Thermal bridging through flush mounted window frame © Denis Boyer for Ecohome
Thermal bridging through inset mounted window frame © Denis Boyer for Ecohome
The above simulation is of just one part of one window, and with an assumed heat differential between inside and out of only 20 degrees Celsius.
What this means in real terms: multiply that amount of heat loss to match the average house size with the average amount of windows over the average North American or Canadian winter and you could be looking at something like an additional $20-$30 on your heating bill, not because of the windows you purchased but simply because of where you placed them.
So for fun, keep multiplying - if you can find 10 more places in your design where a slight modification can eliminate a seemingly insignificant thermal bridge, you just trimmed hundreds off of your annual heating bill. Unchecked thermal bridging in a building envelope is like death by a thousand cuts. One won't kill you but they start to add up.
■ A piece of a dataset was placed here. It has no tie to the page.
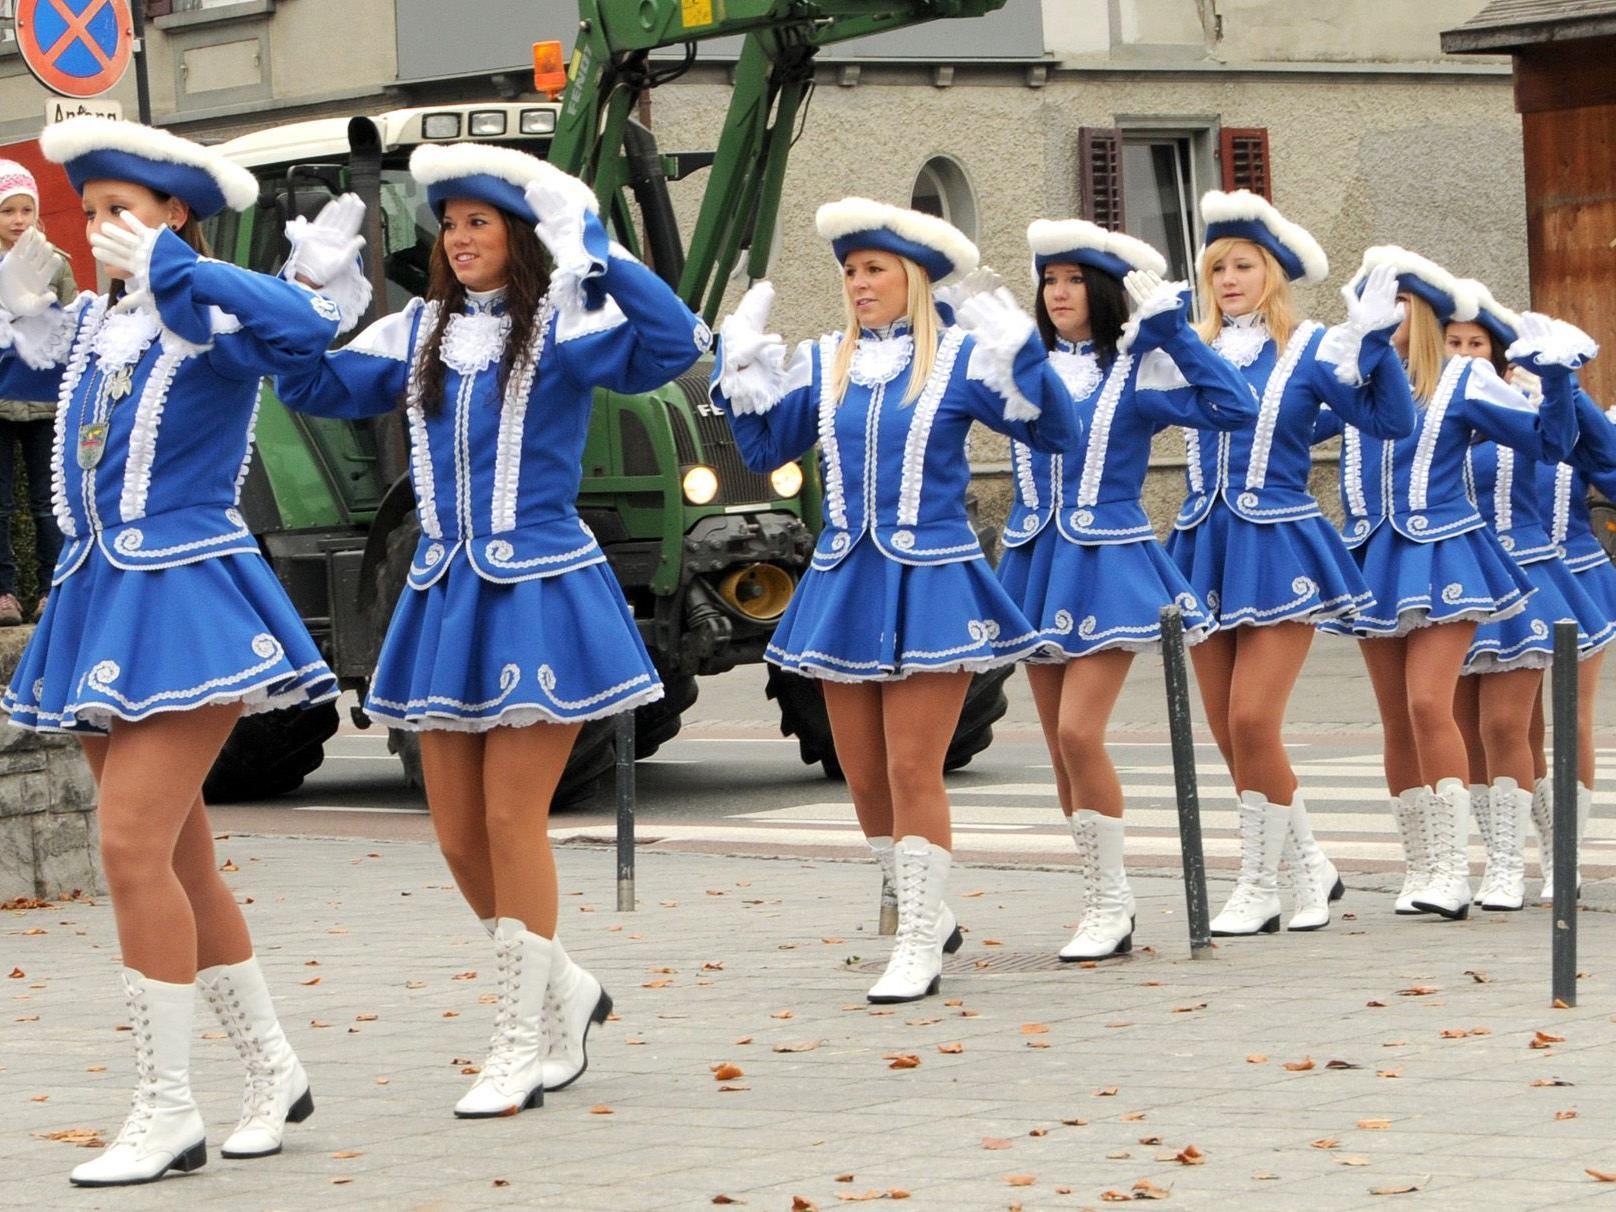 Am Sonntag, den 11.11., marschiert auch die Höchster Garde auf dem Kirchplatz auf.
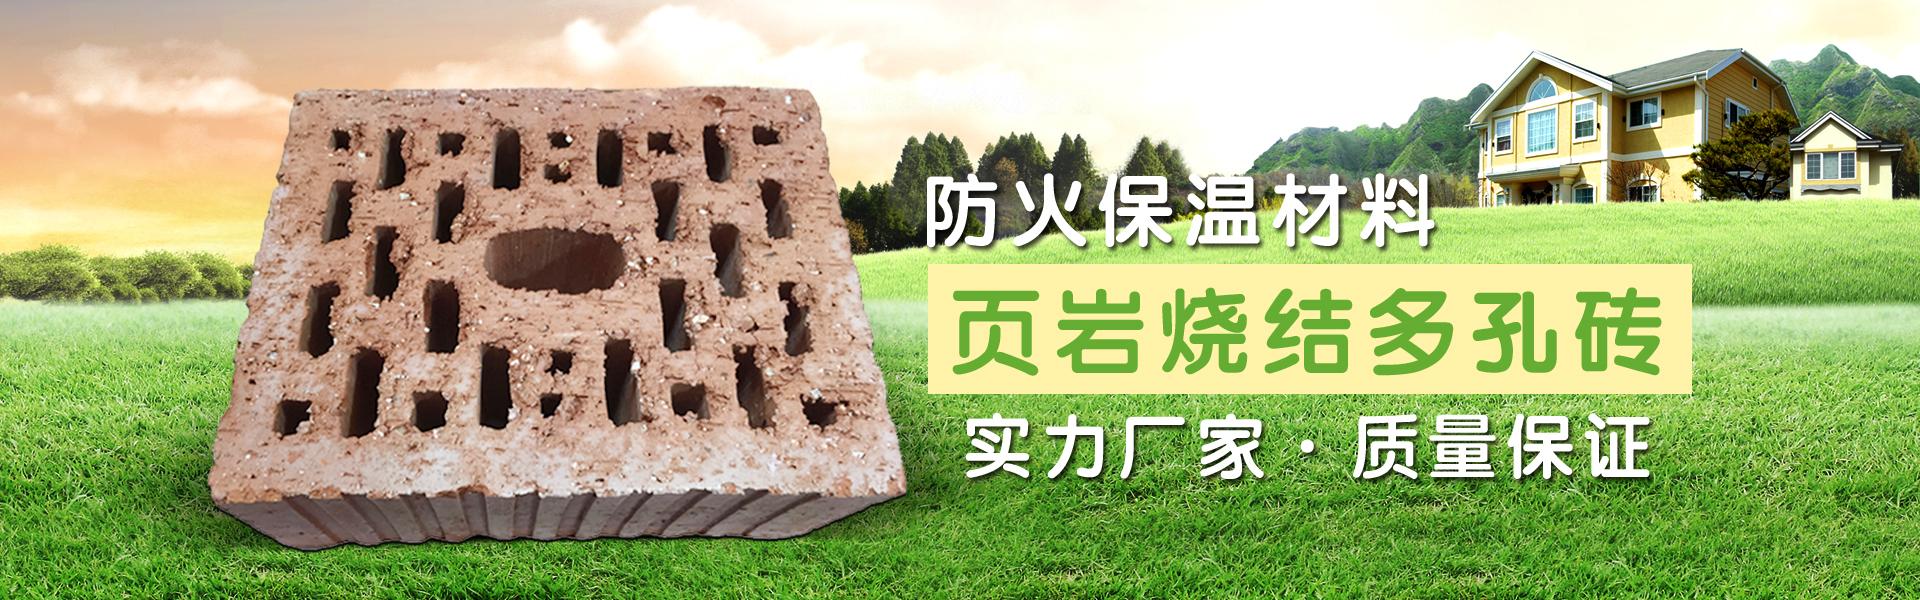 本厂实力提供烧结装饰砖、非粘土烧结多孔砖、环保墙体材料、定制空心砖等,欢迎前来咨询!

And if you really want to split hairs, having your window inset by no more than 1/3 will offer you that reduction in thermal bridging but maximize interior passive heat gain, which is slightly reduced the further to the inside that you place your window.
Correct Choice & Fitment of Doors & Windows makes a measurable difference
Windows can really make or break the comfort and efficiency of your home. Choosing the right windows and installing them for maximum performance and durability (on the south side as much as possible in cold climates, or north side in warm climates) can make life in your home noticeably more pleasant, save you money and keep wall structures in better condition, longer. To discover how to choose the best windows for your house, see here or see here to know which type of window frame to choose between wood, aluminum or PVC / Vinyl
Top Tips: For Well Fitted & Sealed Windows & Why It's Important:
- Attention to Detail is essential when fitting windows and doors - for all the reasons above
- Use the Right Specialist Materials as using the best materials available ensures good sealing that lasts
- If we were talking about sealing a Boat we wouldn't have to stress the point, trust us, without properly installed and sealed windows and doors, your home's performance is also sunk!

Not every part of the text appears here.